1. Kumai Y, Ogata N, Yumoto E. Epithelial-myoepithelial carcinoma in the base of the tongue: a case report. Am J Otolaryngol Head Neck Surg.2006;27: 58-60.
2. Chetty R. Intercalated duct hyperplasia: possible relationship to epithelial-myoepithelial carcinoma hybrid tumours of salivary gland. Histopathology. 2000;37:260-3.
3. Senis L, Sahuquillo E, Davó R, Hamad P, Floria LM, Baquero M. Carcinoma epitelial-mioepitelial de glândulas salivales: comportamiento, diagnóstico y tratamiento. Med Oral. 2002;7:391-5.
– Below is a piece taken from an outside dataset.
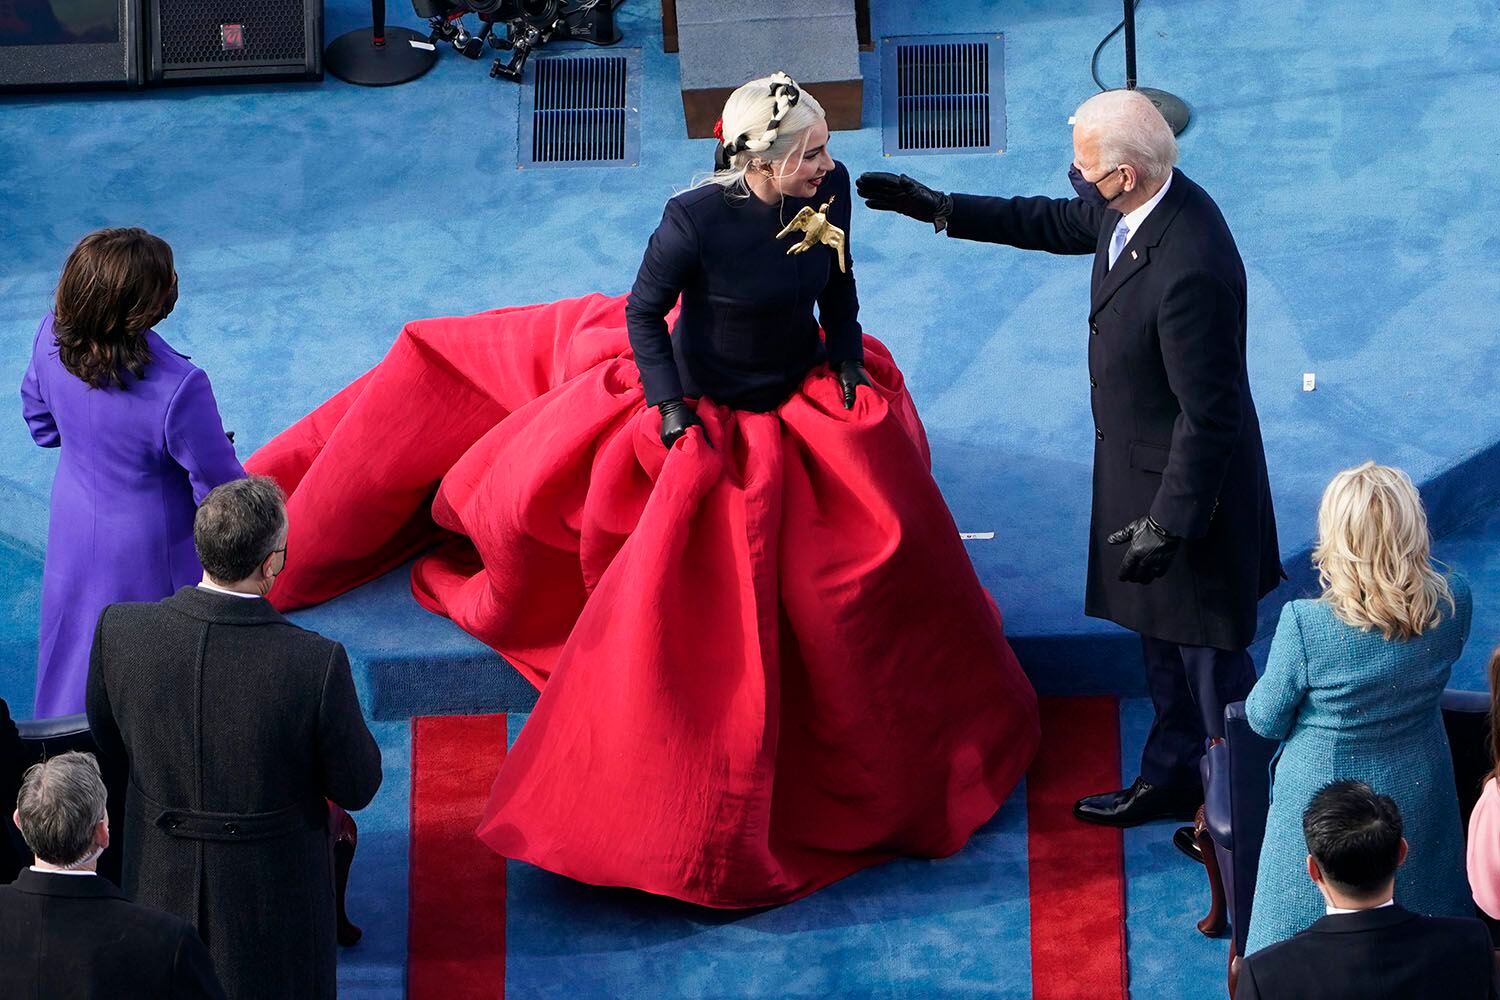 El presidente electo Joe Biden saluda a Lady Gaga durante la 59a ceremonia de investidura presidencial en el Capitolio en Washington, el miércoles 20 de enero de 2021. (Foto AP/Susan Walsh, Pool)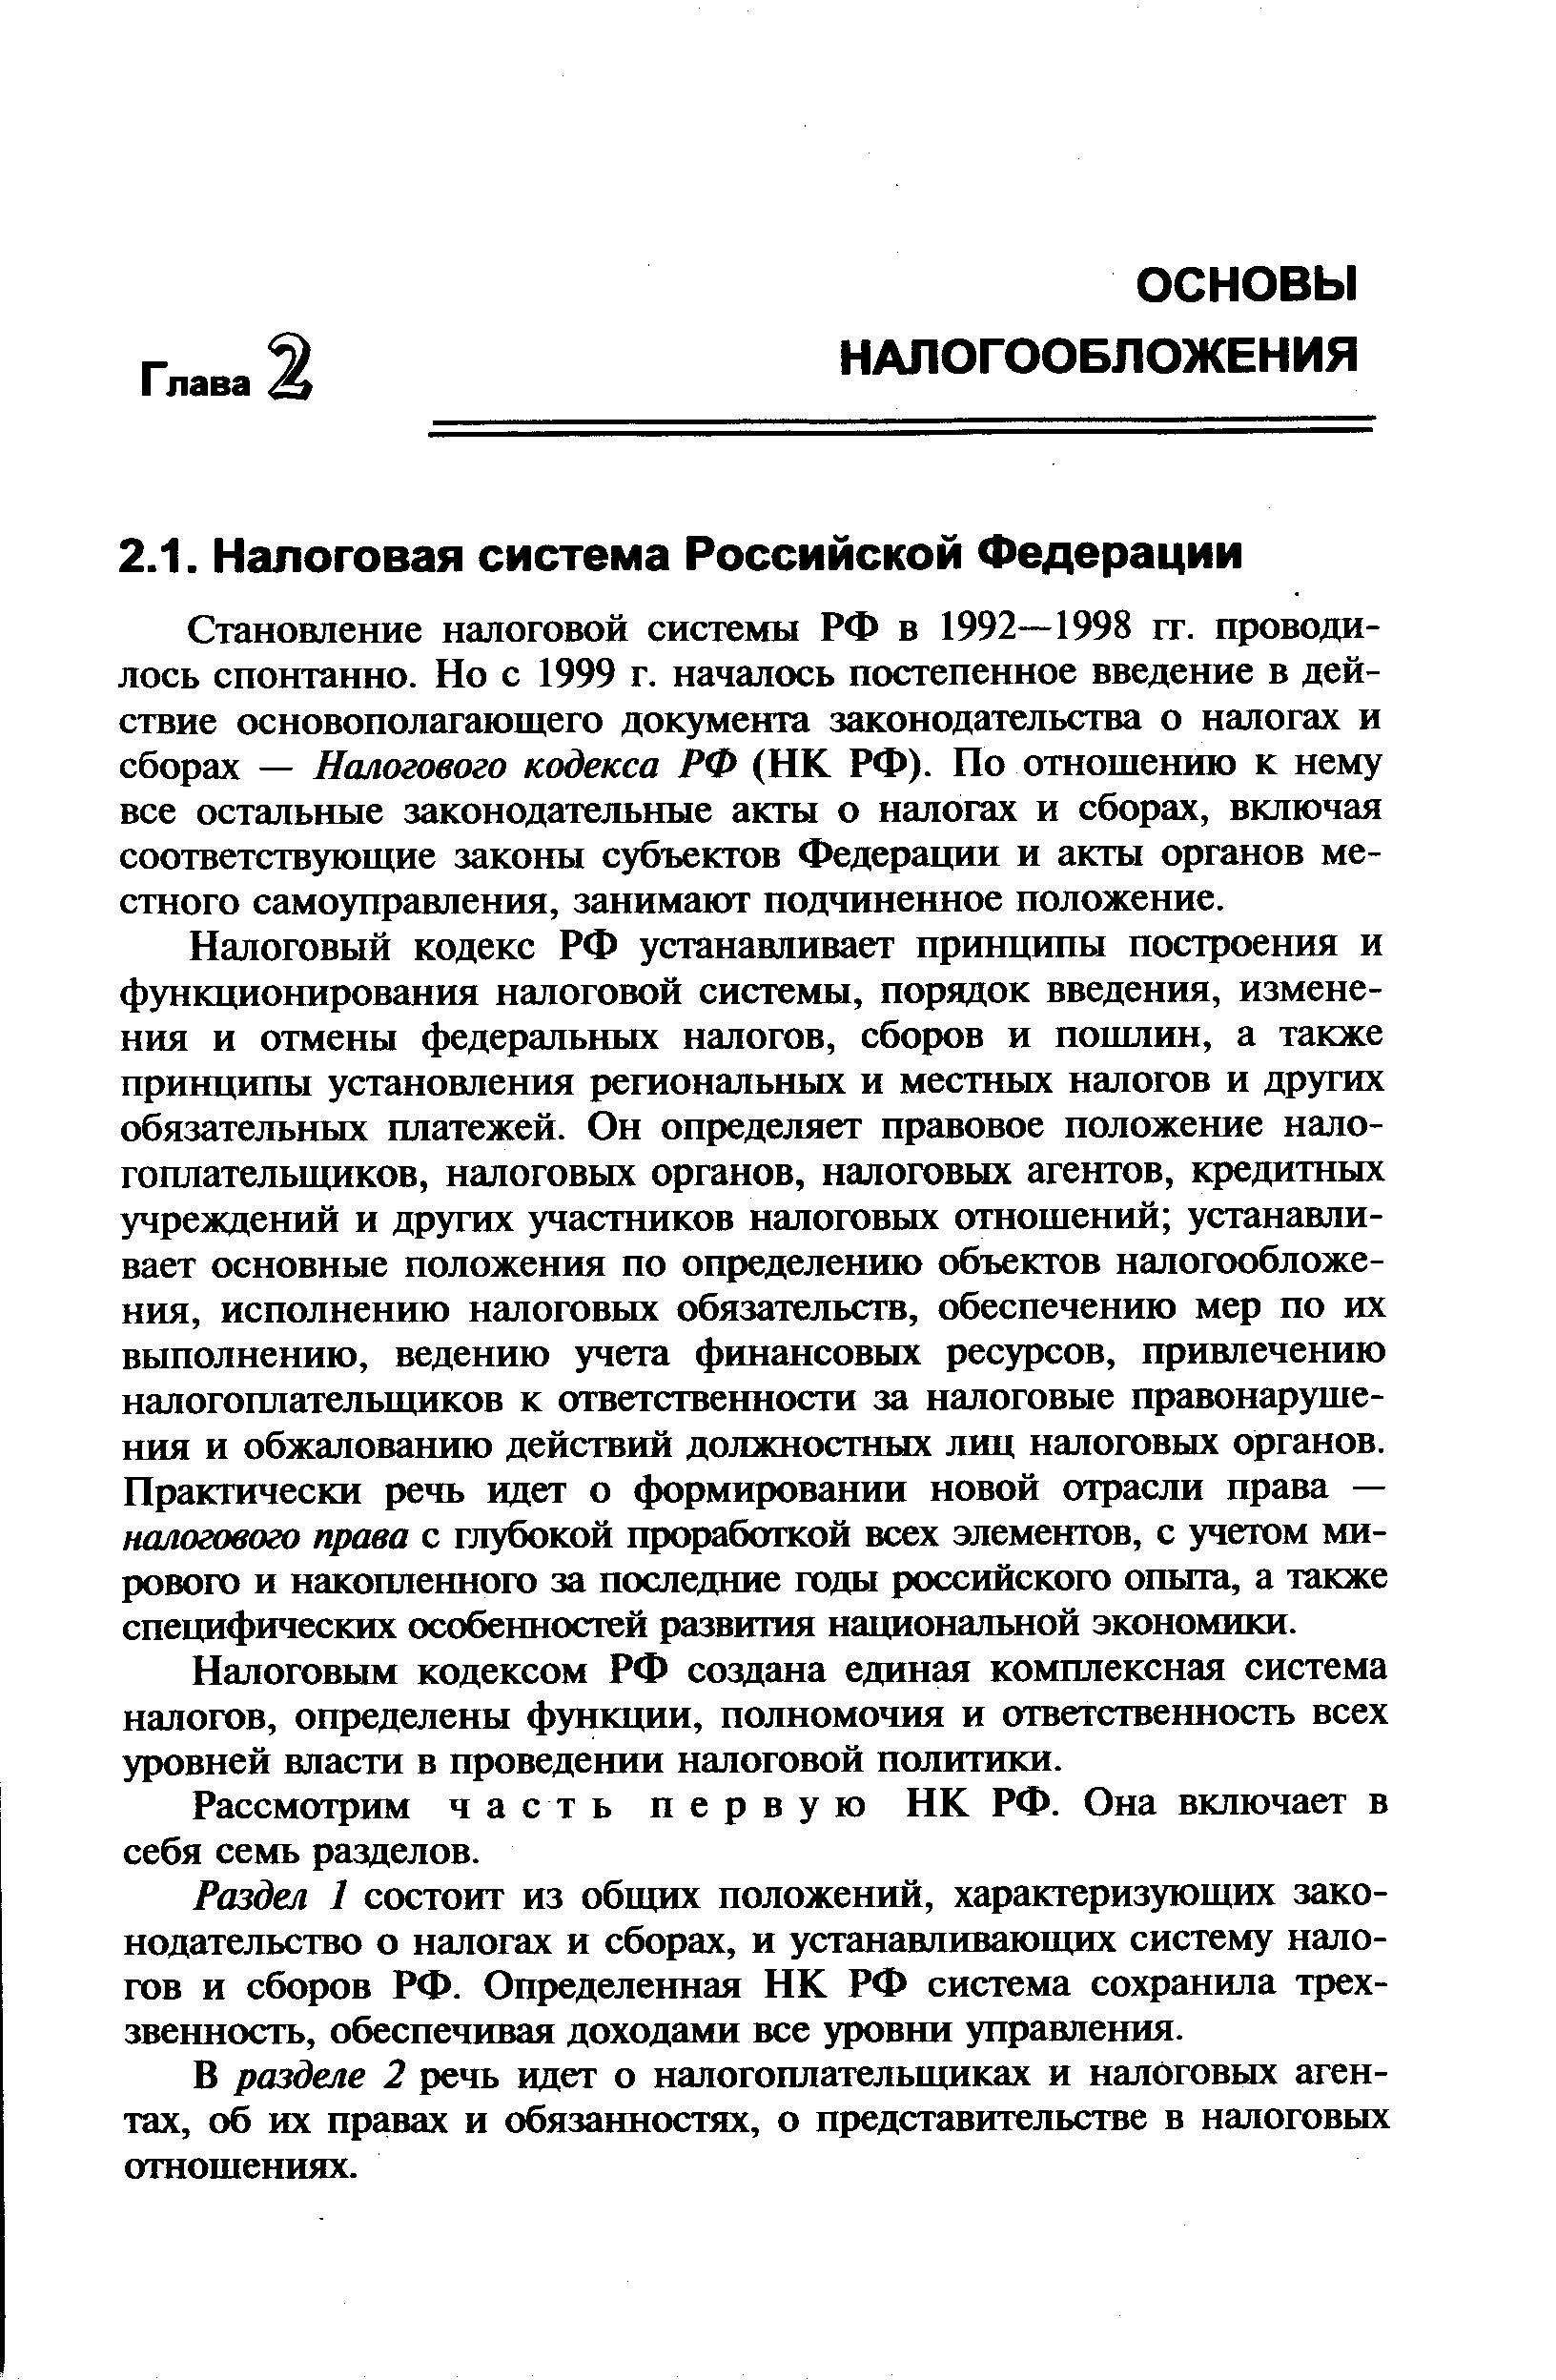 Основы налоговой системы РФ

4. Grenko RT, Abendroth CS, Davis AT, Levin RJ, Dardick I. Hybrid tumors or salivary gland tumors sharing common differentiation pathways? Reexamining adenoid cystic and epithelial-myoepithelial carcinomas. Oral Surg Oral Med Oral Pathol Oral Radiol Endod. 1998;86:188-95.
5. Seethala RR, Barnes EL, Hunt JL Epithelial-myoepithelial carcinoma. A review of the clinicopathologic spectrum and immunophenotypic characteristics in 61 tumors of the salivary glands and upper aerodigestive tract. Am J Surg Pathol. 2007;31:44-57.
6. Yamada H, Kawaguchi K, Yagi M, Morita Y, Mishima K, Uno K, et al. Epithelial-myoepithelial carcinoma of the submandibular gland with a high uptake of 18F-FDG: a case report and image diagnosis. Oral Surg Oral Med Oral Pathol Oral Radiol Endod. 2007;104:243-8.